The other: what we call doctrinaire liberalism and political correctness, the ideology of might makes right. Consider the political philosophy of Thrasymachus, the cynical Sophist of Plato's Republic. For Thrasymachus, justice is merely the advantage of the stronger. There's the philosophical root of the liberal double-standard: one set of rules for those in power, another for dissidents. This last is what doctrinaire liberalism, for all its talk of "tolerance" and of "social justice," comes down to. We see the double-standard manifested every time a campaign of professional and personal destruction is visited upon a John Rocker who steps on politically correct shibboleths while a Bryant Gumbel is allowed to direct casual obscenities toward Christians. We see it when a Jeff Jacoby writes about the signers of the Declaration of Independence and is told to clean out his office.
The two philosophies cannot co-exist indefinitely. Sooner or later we will have to decide: freedom or serfdom? Free speech or political correctness? The philosophy of the Declaration of Independence, or the authoritarianism of the Clinton-Gore-Reno Regime and the thought police? Eventually, we may see open clashes between these two, as leftists grow increasingly brazen and militant. Before the dirt settles, we may find ourselves having to make the same kinds of sacrifices the signers of the Declaration of Independence had to make. Those Jeff Jacoby wrote about lost much more than a job. But most would quickly add that their sacrifices for the cause of liberty were worth it.

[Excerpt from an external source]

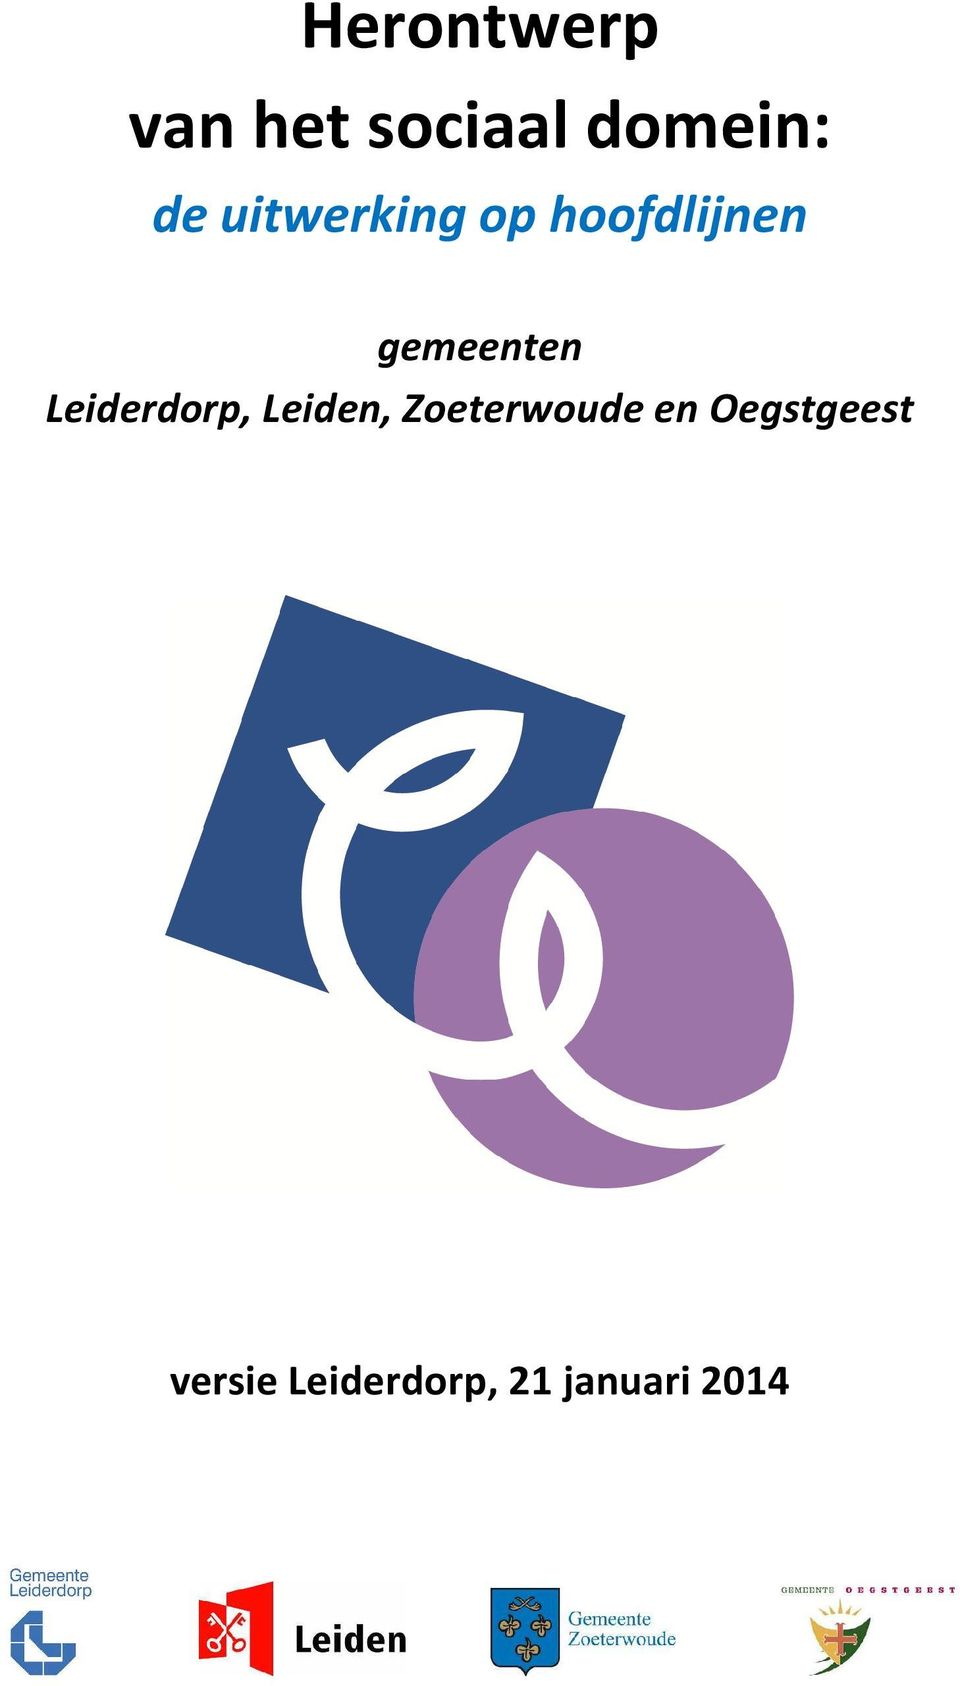 Leiderdorp, Leiden, Zoeterwoude en

Of course, doctrinaire liberals in power in places like CBS and the Boston Globe could prove me wrong. All the former would have to do is suspend Bryant Gumbel without pay for four months, followed by a "serious rethink" of his attitude toward guests on his show. All the latter would have to do is unconditionally reinstate Jeff Jacoby. Needless to say, I'm not holding my breath.
July 15, 2000
Steven Yates is the author of Civil Wrongs: What Went Wrong With Affirmative Action (San Francisco: ICS Press, 1994) and numerous articles and reviews. He lives and freelance writes in Columbia, South Carolina.